Preprocessing of genetic data

The UKB has performed whole-genome sequencing on roughly half a million participants. DNA was extracted from blood samples collected at the participants’ visit to the assessment centre. For genotyping, the UKB used a genotype calling pipeline from Affymetrix Research Services Laboratory, which was applied to 106 batches of 4700 samples each. A detailed description of the processing pipeline is described in Bycroft et al.¹. The marker-based QC pipeline incorporated tests to account for batch and array effects, deviations from the Hardy-Weinberg equilibrium, sex effects, and discordance across control replicates. The sample based QC pipeline included measures of missing rate and heterozygosity. Abnormal values in either of these measures indicated a poor-quality sample.
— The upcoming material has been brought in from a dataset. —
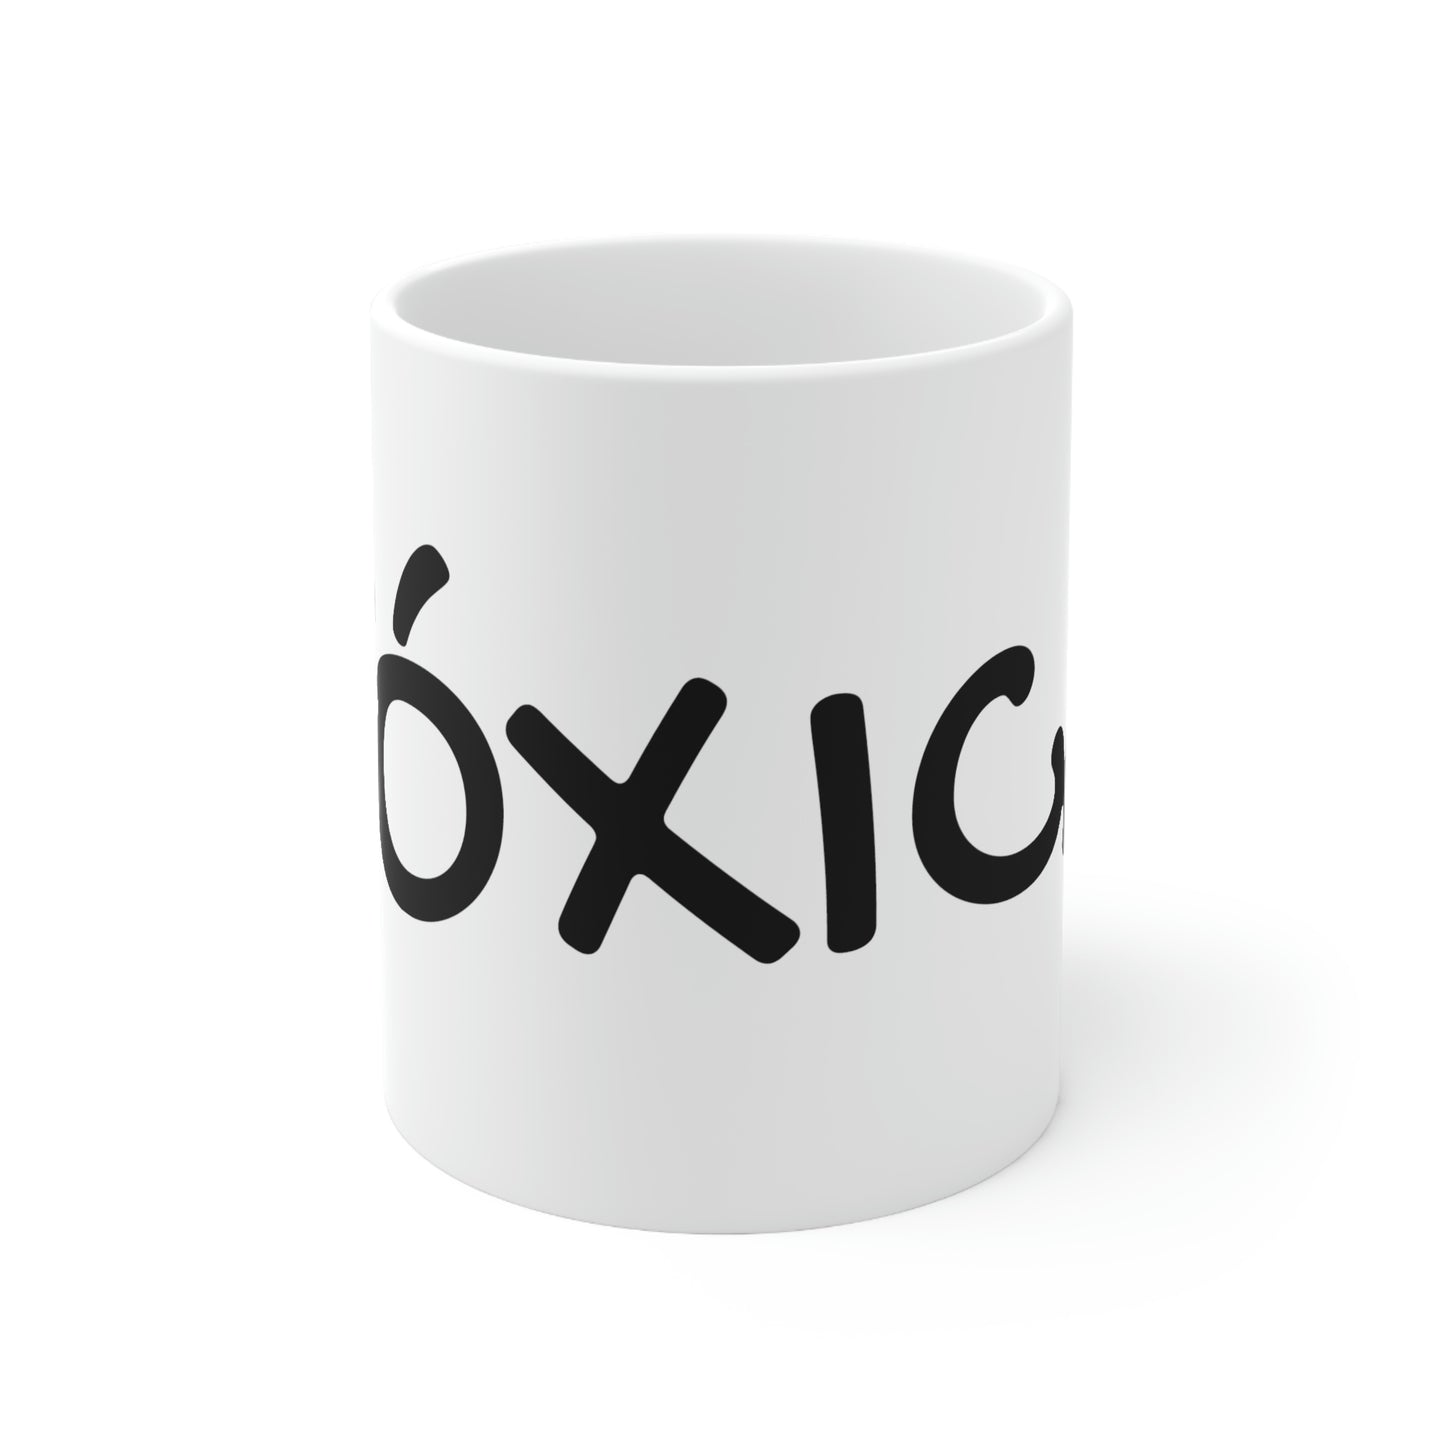 TOXICA Ceramic Mug 11oz

Samples with a missing rate larger than 5% were marked. Abnormality in the heterozygosity was adjusted for the population structure by applying a linear regression model to the first six principal components of a PCA. Samples were not excluded from the UKB release, but they were flagged so researchers could apply their own thresholds. The top 40 principal components were also included in the UKB data release. In addition, the UKB also determined ancestral backgrounds using the PCA, and performed a kinship coefficient estimation to adjust for family structure and performed imputation procedure, HLA imputation and validation¹.

For the analyses in this project, we applied the QC measures as recommended in the UKB paper¹. In summary, we excluded SNPs with an imputation quality below 0.5, a minor allele frequency below 0.001, missingness above 5%, and SNPs that failed the Hardy-Weinberg equilibrium test at p < 1e^-9.